Many people, myself included, joined the tech industry because we believed we would build something cool that could change the world. No one told me that it would just be a constant flood of top-down requests from leaders who barely understand the product, let alone what customers want. But I digress. I will save my rants about the tech industry for a future post.
You are definitely not alone in this feeling. I feel this and many others I know are in the same nauseating soul crushing boat. This boat sucks. I have a friend who programs and speaks endlessly about how much AI is a helper but not a solution, and any manager who thinks otherwise is more clearly exposing how little they understand about it than anything. I am glad you sharing your “rebellion” with us on substack as I’m sure many of us look forward to feeling less alone by sharing in your ennui and existential dread even if we wish we were sharing in our success and mutual billionairyness (it’s a word now…). I have been pondering whether to dive into this realm as I usually just write about the nerdy shit I find interesting, but, to your point, I feel like people need to hear these voices right now, especially when we all pretend not to feel this all day at work to get by.
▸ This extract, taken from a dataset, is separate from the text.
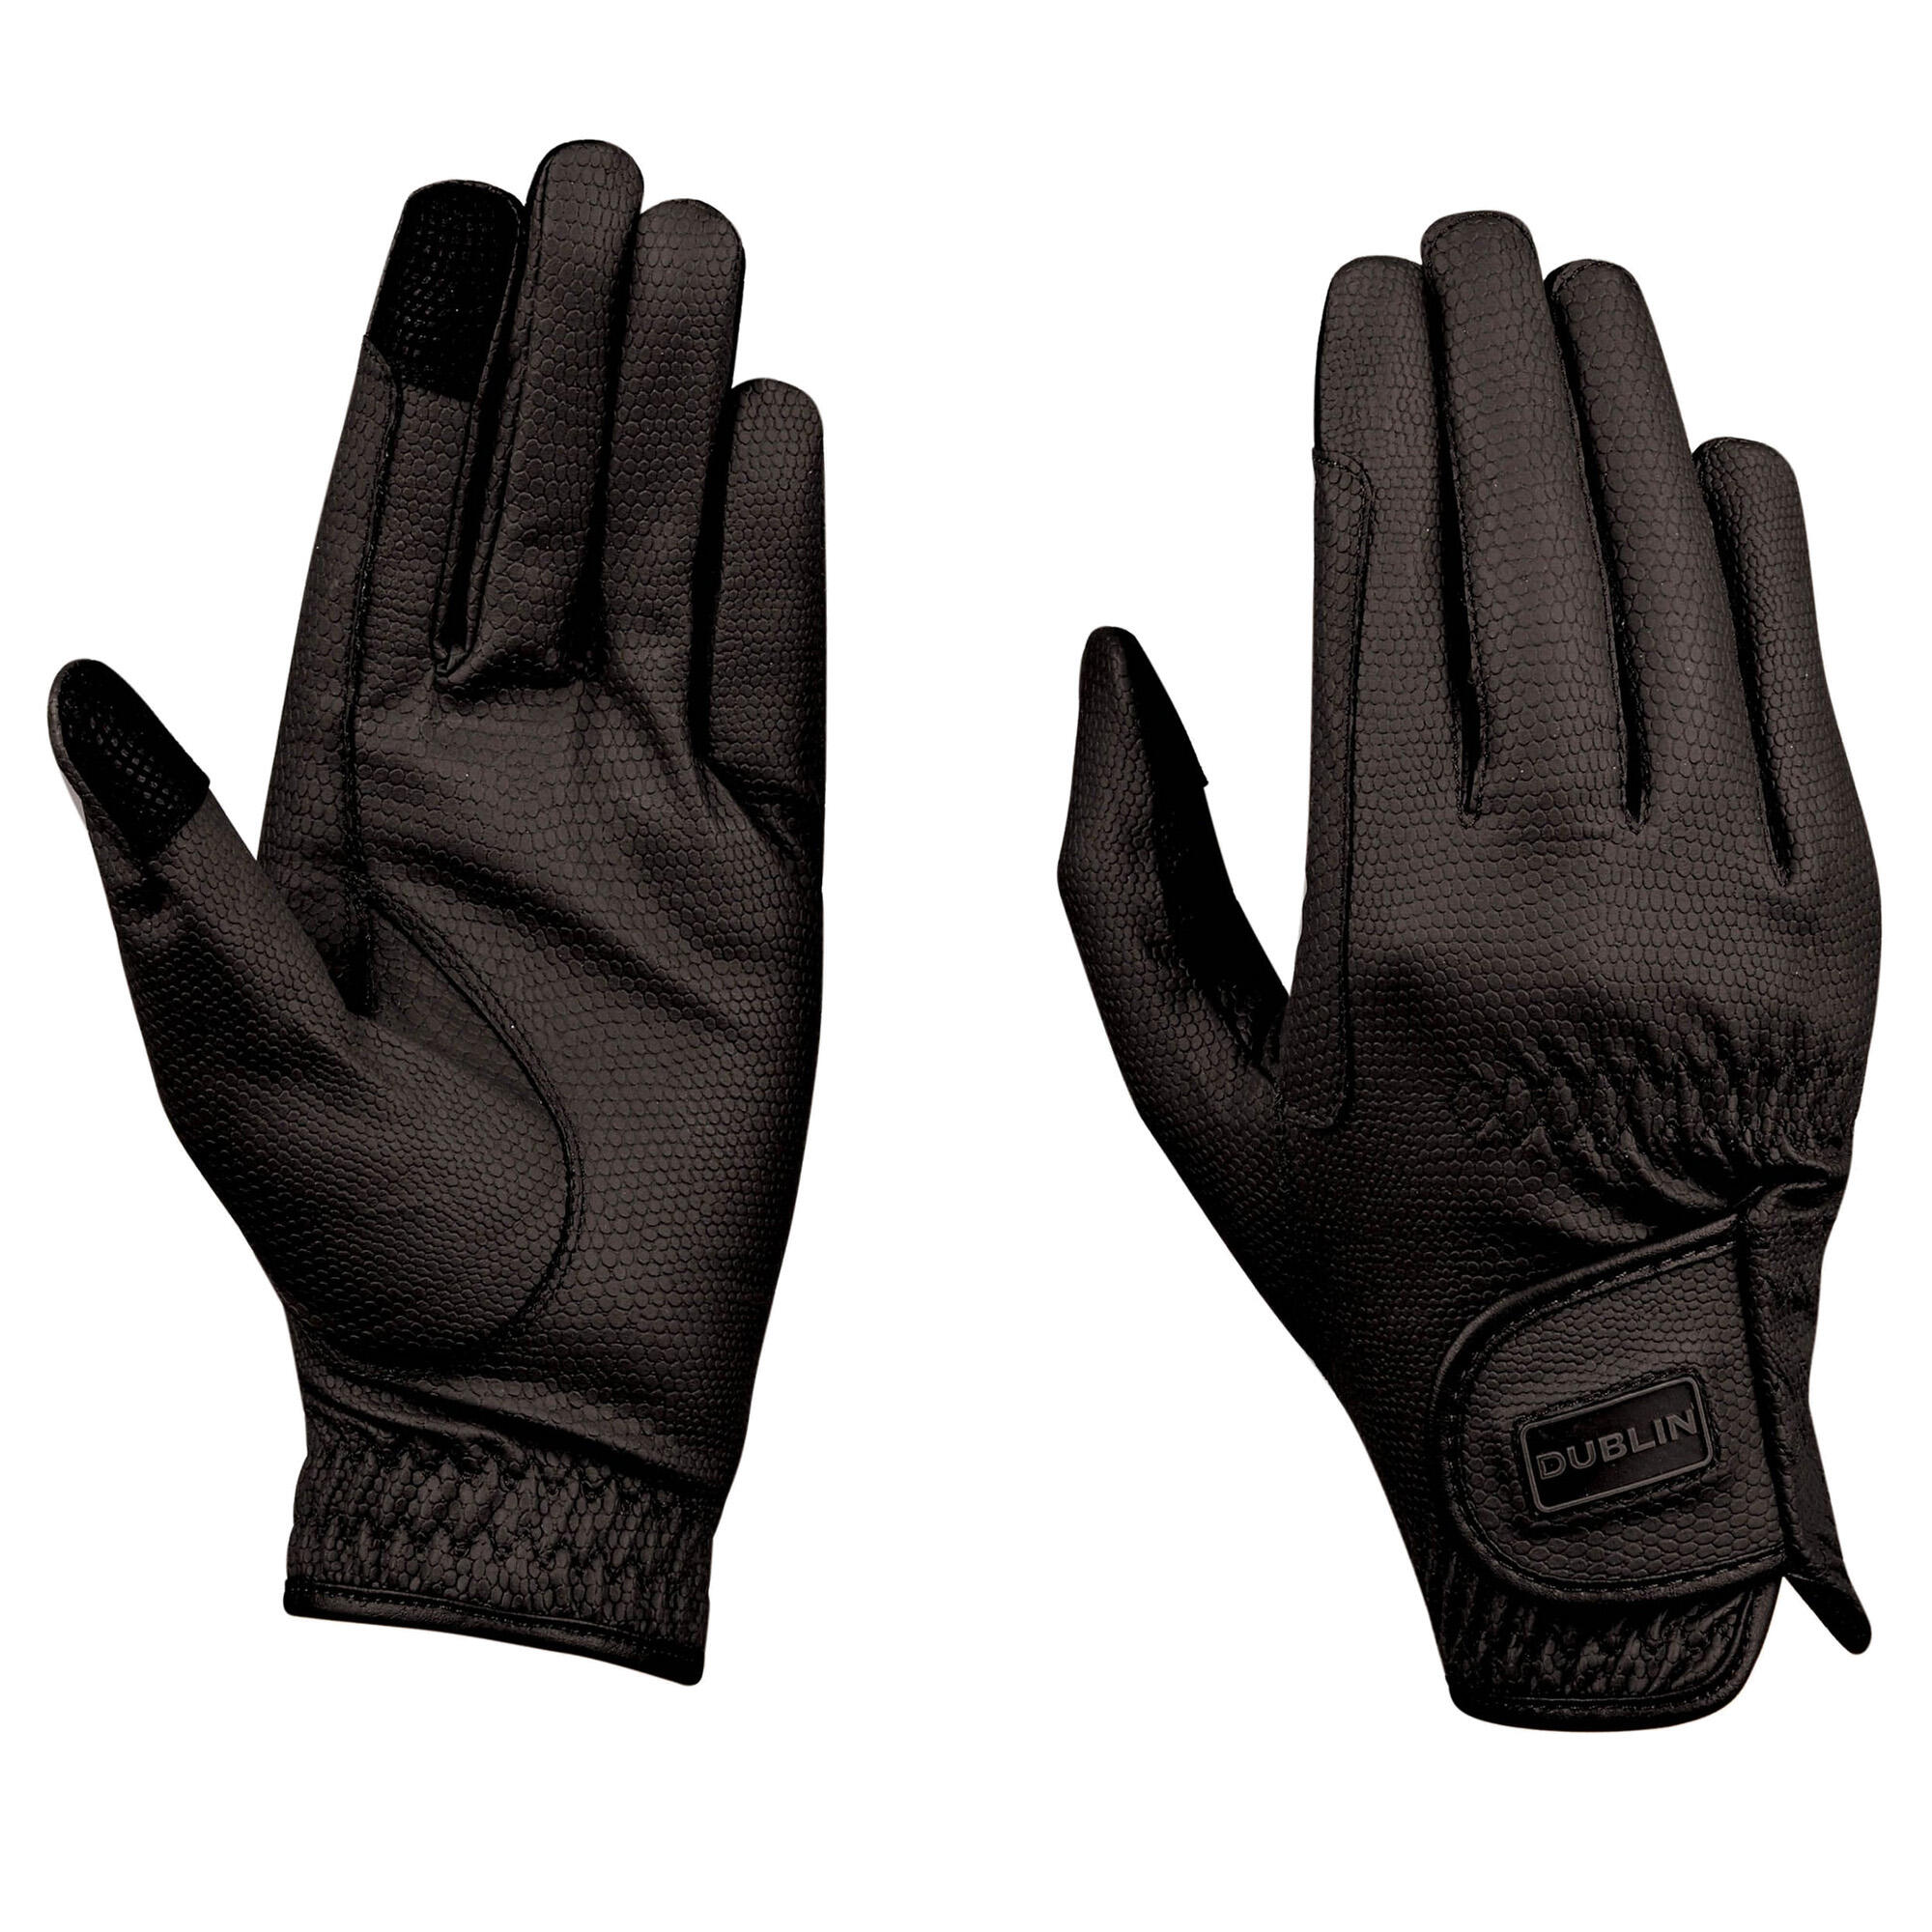 DUBLIN Touch Screen Everyday Riding Gloves (Black)

I used to work at Amazon in Finance. Even though we are in different fields, my emotional experiences of working there found very similar to yours. I left for a job that ended up not panning out, and now I am confronting what I think to be ageism. I am a very young 52 and yet now am put out to pasture. It is a strange feeling. My advice to you is save as much as you possibly can and then get out to do something else or somewhere else for the rest of your life. Use them for the money and not the career satisfaction and have a plan you are working towards for a better life.